Flux lab research gets KTH boost

A Nordic solar flux laboratory at the KTH Royal Institute of Technology in Sweden now offers CSP developers greater flexibility in carrying out new research.

An image of KTH Royal Institute of Technology's new solar flux laboratory. Image courtesy of KTH.

By Jason Deign

CSP research and development activities have been given a boost with the opening of a new indoor solar laboratory for high-flux research.

The lab, at the Heat and Power Technology department of the KTH Royal Institute of Technology in Stockholm, Sweden, is being inaugurated on 27 February 2015 for researchers pursuing projects in solar concentration technologies such as CSP and concentrated PV.

The core of the facility, the first of its kind in the Nordics, is an array of twelve 7kW Xenon-arc searchlight lamps with Fresnel lens concentrators that deliver 20kW on a 20cm-diameter target 1.5 metres away, with a peak light flux of 6.7MW per square metre.

The setup imitates a parabolic dish flux and can reach temperatures that top 2,000ºC. “High-flux components form the central element of high-efficiency solar power plants and are often the life-limiting component in these facilities,” points out KTH on its web site.

The opening of the lab represents a valuable addition to Europe’s existing solar flux research centres, which include facilities at the German Aerospace Center (Deutsches Zentrum für Luft- und Raumfahrt or DLR) and the Paul Scherrer Institut in Switzerland.

“There are similar and even larger facilities in research institutes, and there are universities doing this kind of research,” said Björn Laumert, associate professor at the KTH Division of Heat and Power Technology. “But there is some uniqueness to this facility.”

For example, the KTH array does not use parabolic back mirrors to concentrate the light. Instead, “we came up with the idea of using lenses instead of mirrors,” Laumert said. “A PhD student came up with the idea.”

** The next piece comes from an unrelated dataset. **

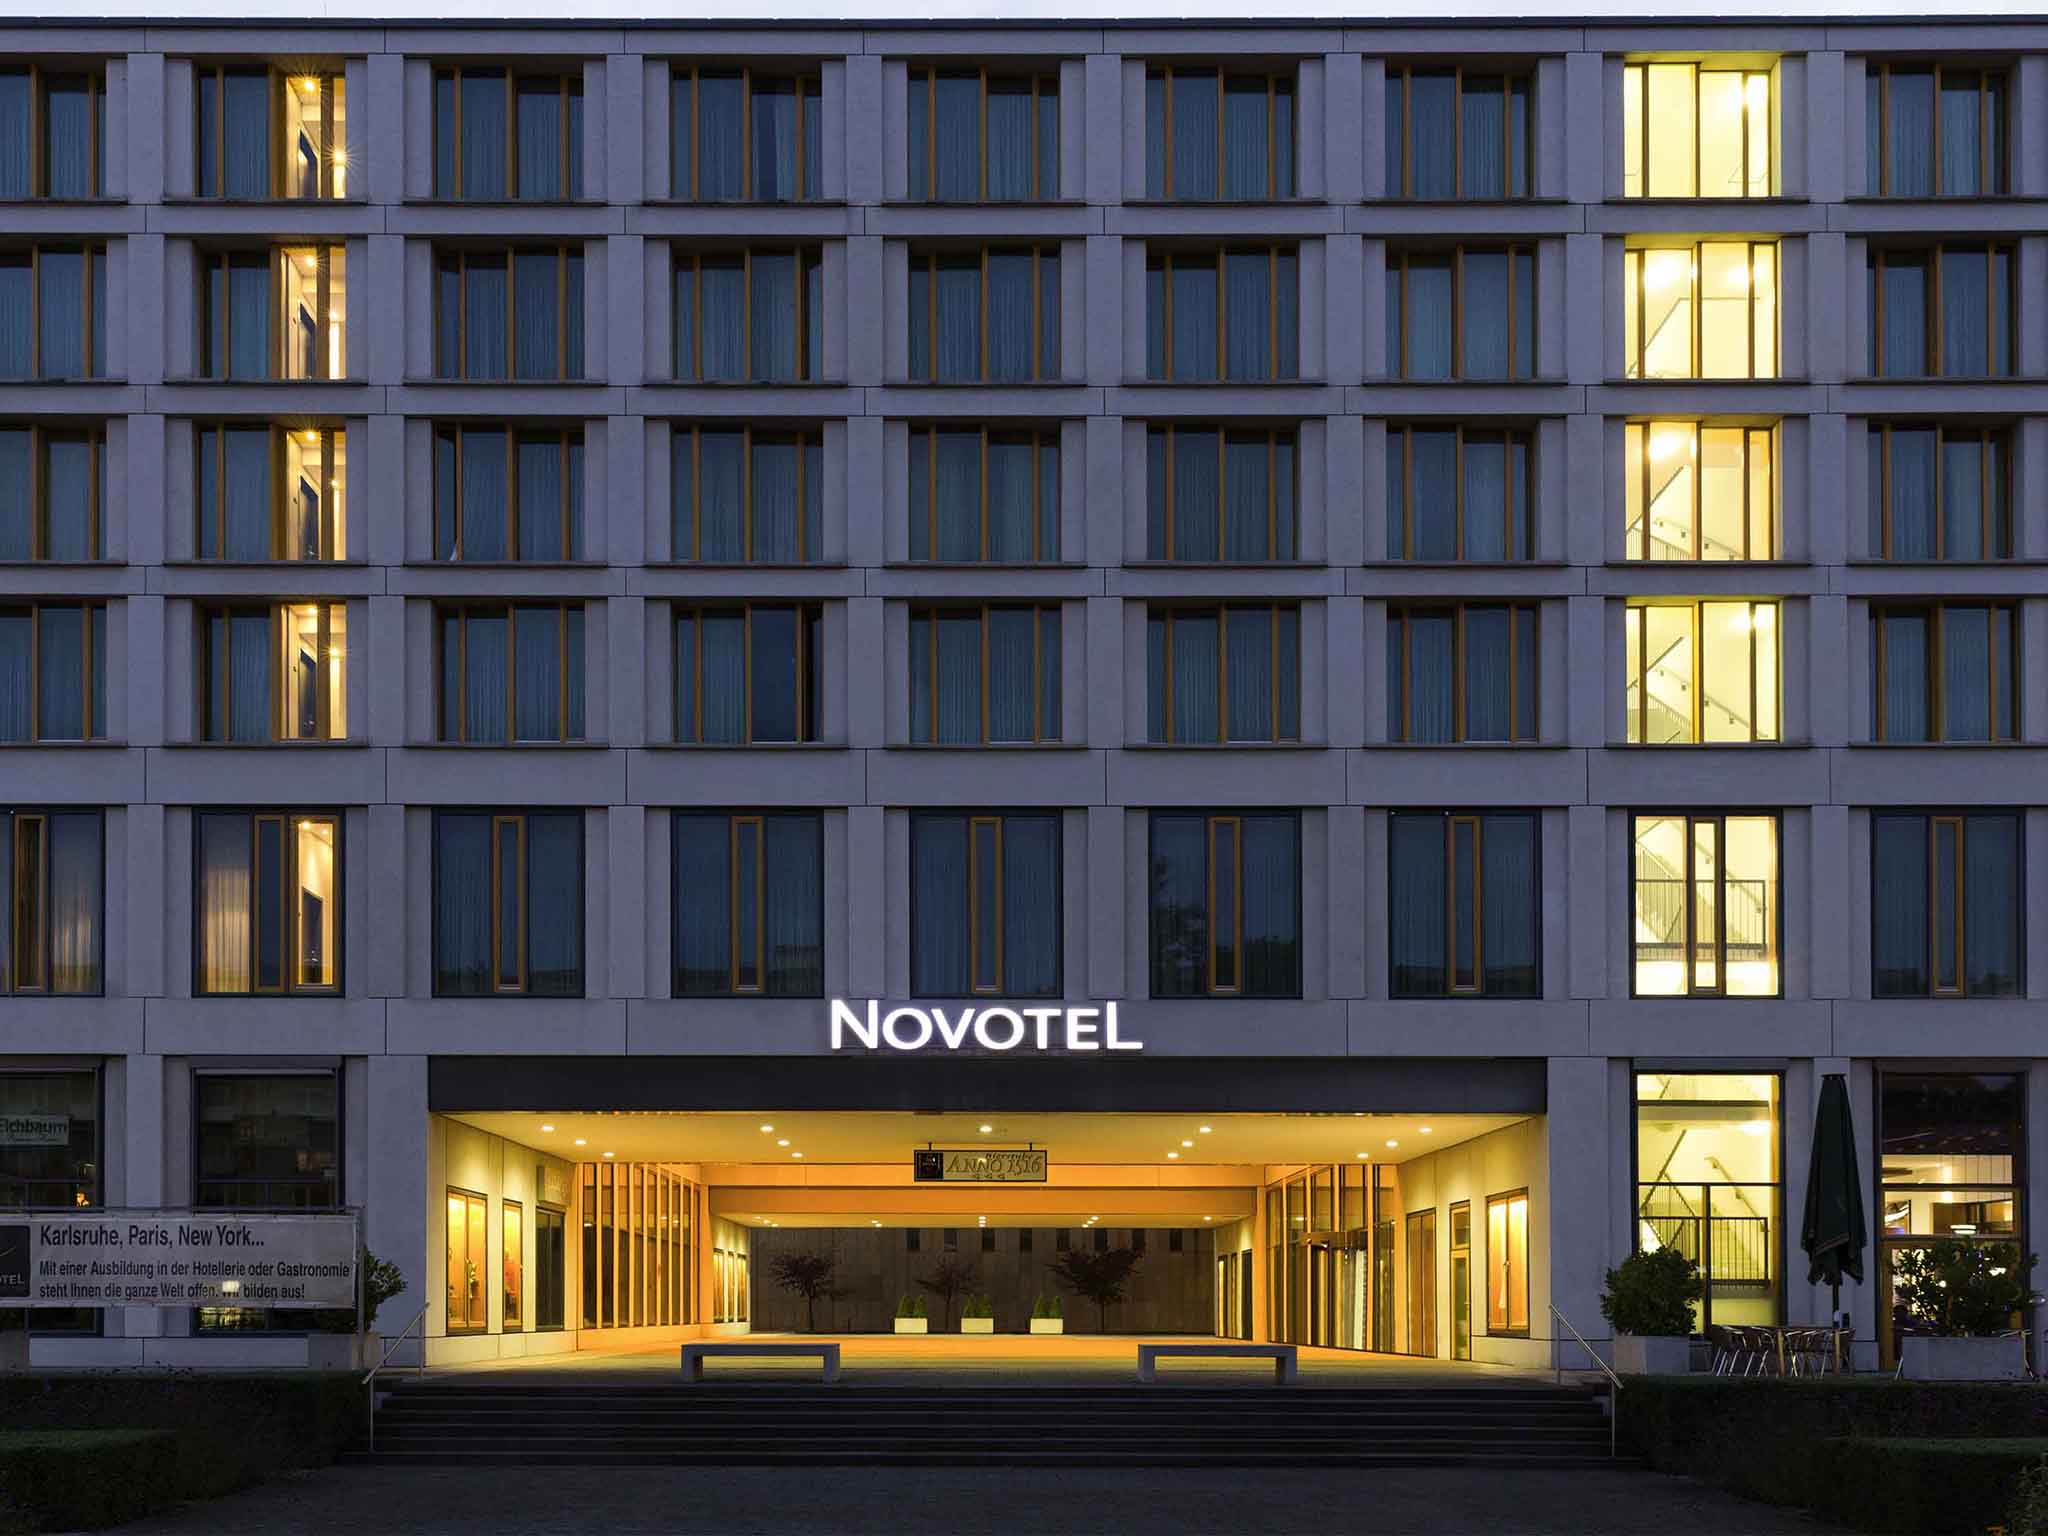 Hotell – Novotel Karlsruhe City
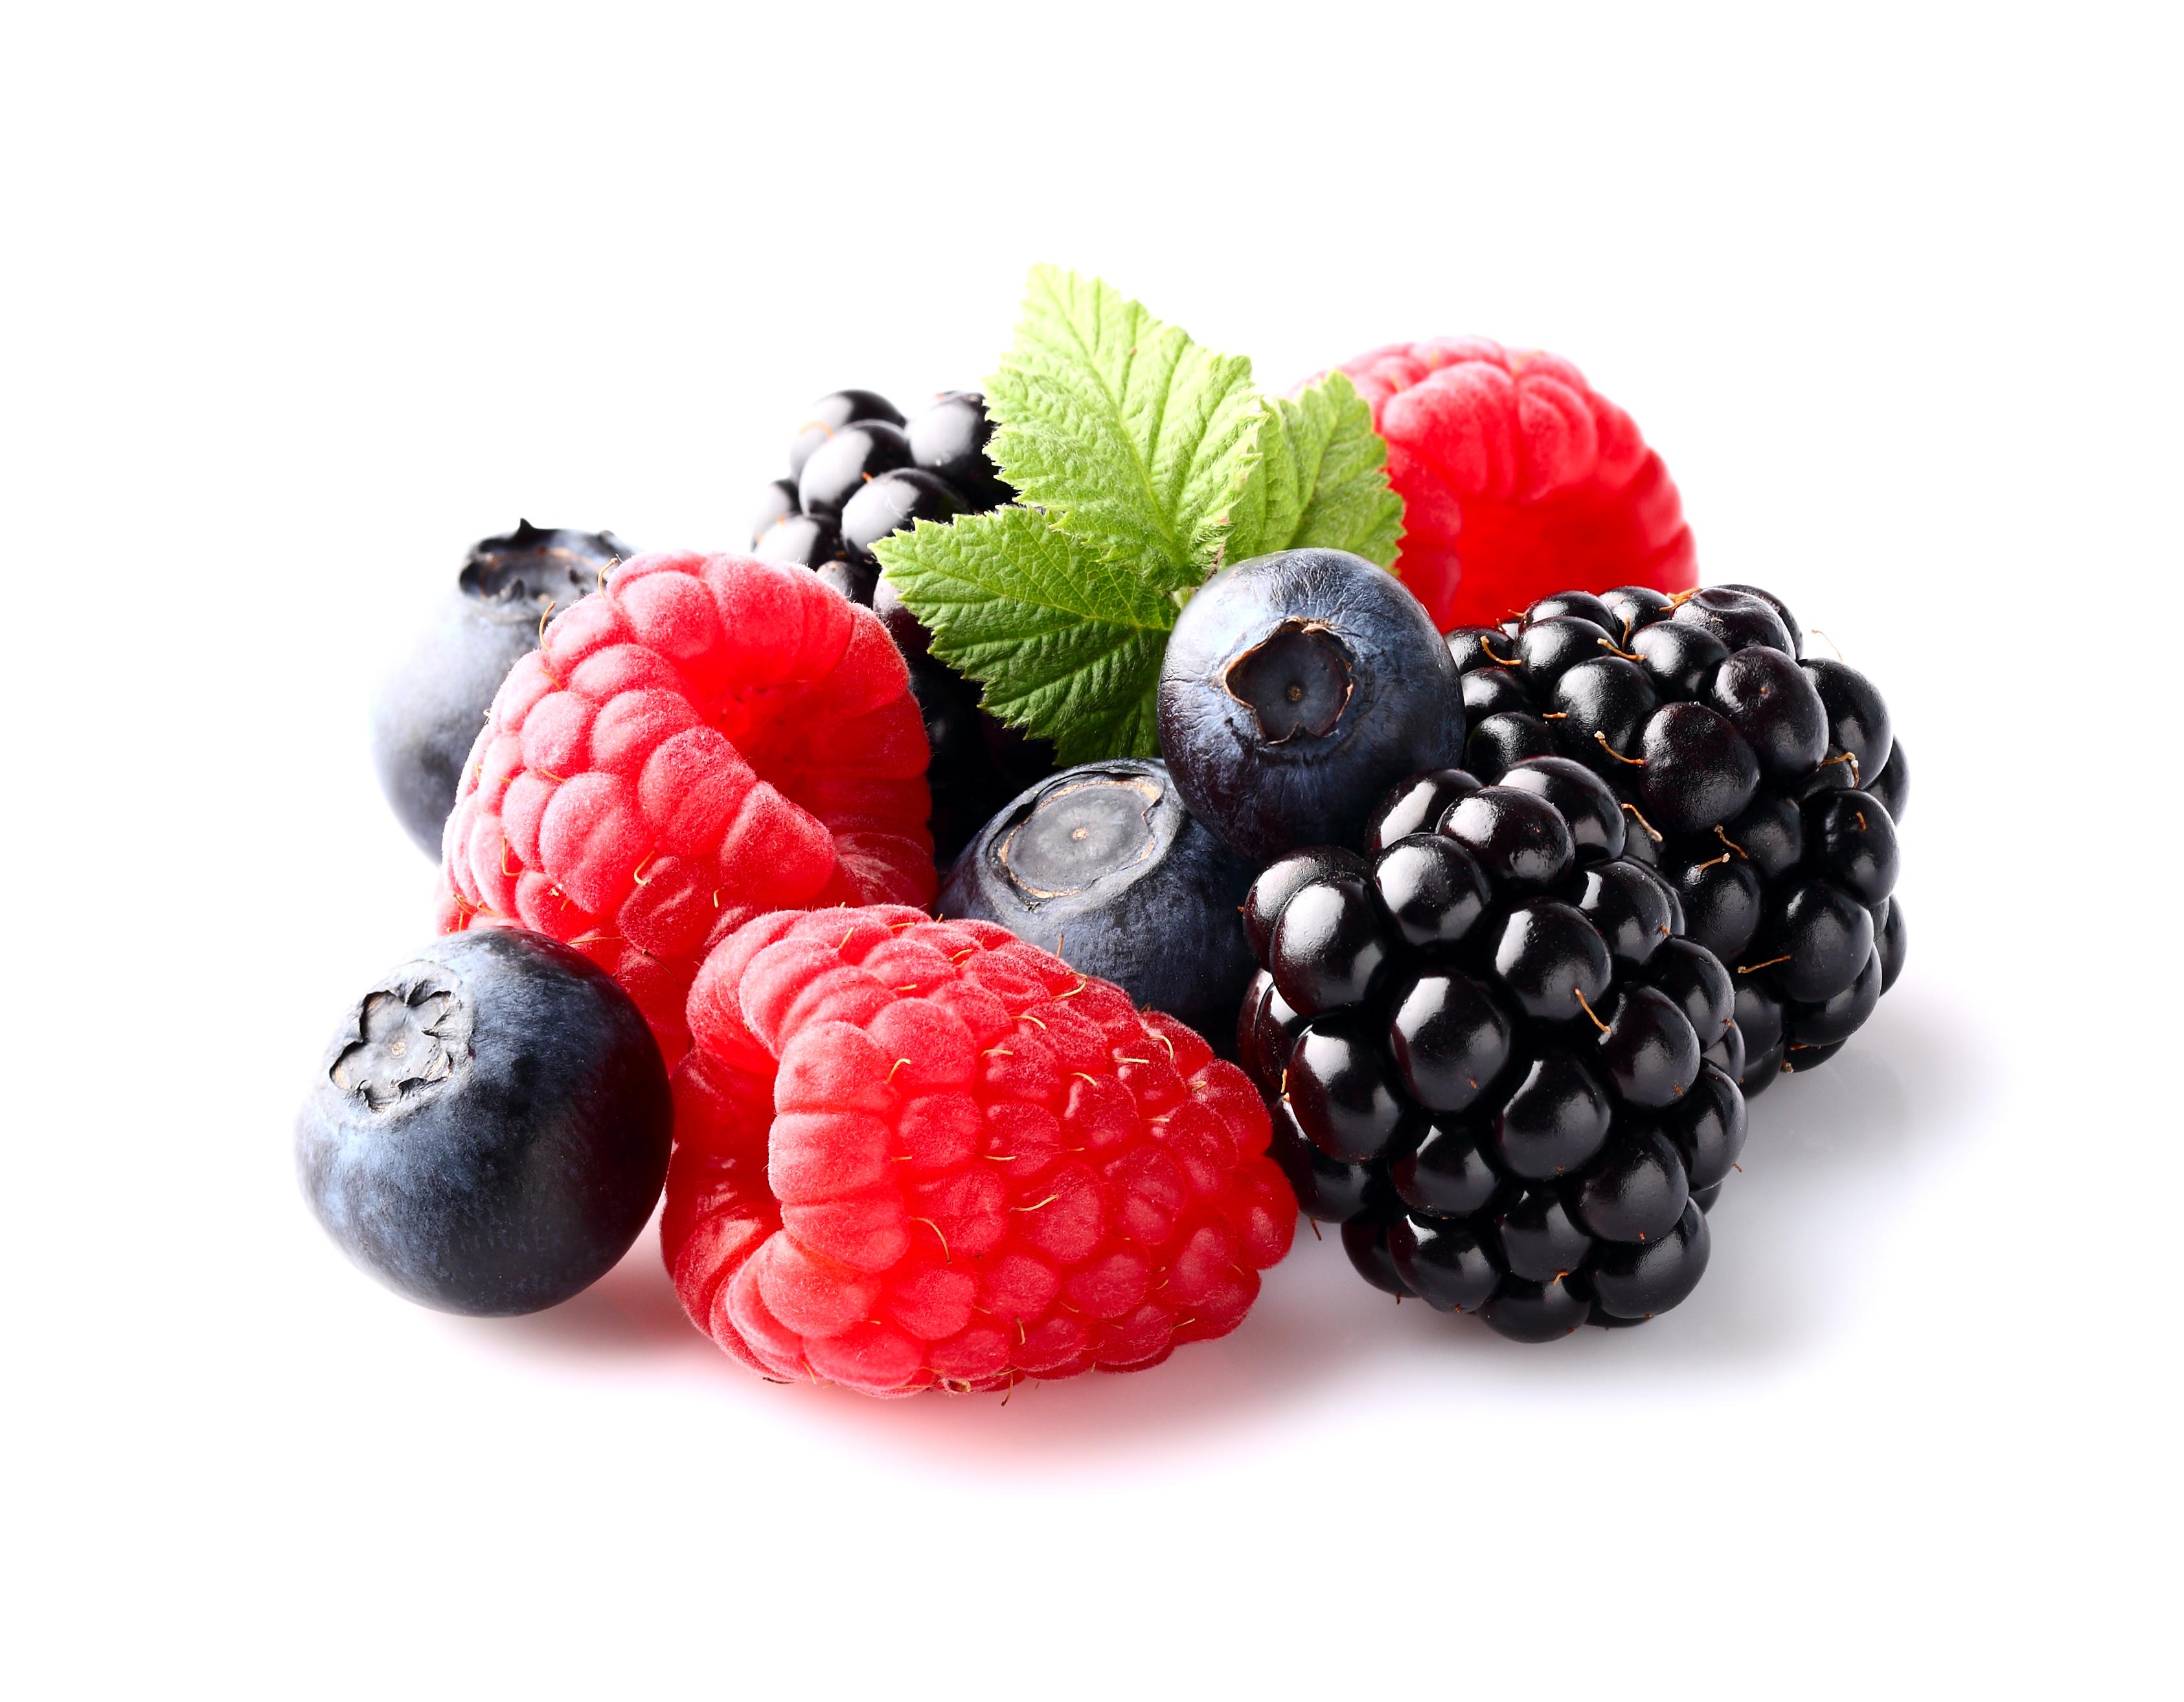 La dieta mediterr nea y los polifenoles reducen el riesgo for Arbol de frutos rojos pequenos

The design makes it possible for KTH to use relatively low-cost searchlights, of a kind used on Chinese marine carriers, without compromising on the quality of the results. Also, the use of lenses should make it easier to simulate trough setups, simply by changing the lens design.

Three projects

Furthermore, while Laumert recognises the light will not accurately mimic standardised light sources for PV, researchers in the lab will be able to apply filters to the lamps to study certain wavelengths. The facility has already been slated for use in three projects relating to CSP.

The first is an Optimised Microturbine Solar Power or ‘OMSoP’ system project co-funded by the European Union’s seventh framework programme for research and development, which aims to develop CSP systems of up to 10kW coupled to micro-gas turbines for electricity generation.

Within this, the KTH lab will be used for dish designs. Secondly, KTH is working with the Swedish dish Stirling developer Cleanergy, which last year was making moves to enter the Middle Eastern market.

KTH is helping the company develop new, more efficient and cost-effective receivers. Finally, a third project, under the aegis of a Swedish national turbo-power research programme, will look at how to regulate solar flux and fuel in a hybrid gas and CSP plant.

However, the lab is open to other customers. For direct research agreements, Laumert said KTH, as a university, can offer cost advantages compared to traditional research institutes.

“We maybe do not need to incorporate fixed costs in a similar way as research institutes need to,” said Laumert. “We have fixed costs, and we need to handle them, but they are not in the same range as other institutes.

“Now the lab is in place, there are no costs apart from the running and component costs. Also we can work with PhD students and we have a lot of PhD students that we can use in this process. And of course you can get access to Master students.”

Research support

Effectively, Laumert points out, KTH can provide research support ranging from Master level up to full programme development. This gives developers a wide range of support options to choose from, from small focused projects up to large programmes.

Another way developers can take advantage of the lab is by working with funding bodies. KTH already works with the Swedish solar research programme and is applying for projects at the Nordic regional level.

For these, “I think we are an attractive partner because we are a very strong university,” Laumert said.

All this adds up to greater choice and flexibility for solar, and particularly CSP, research. In particular, facilities such as the KTH lab could make it easier to carry out smaller projects that can lead to incremental improvements.

The presence of such labs is critical to ongoing research into new CSP technologies, said Ilaria Besozzi, head of business development with the Swiss technology developer Airlight Energy.

“High flux solar simulators provide an non-intermittent, on-demand source of concentrated solar radiation,” she stated.

“For example, Airlight Energy collaborates with the Professorship of Renewable Energy Carriers at the Swiss Federal Institute of Technology Zurich, that has developed its own solar flux simulator. This instrument can reach a concentration factor of up to 10,000 suns.”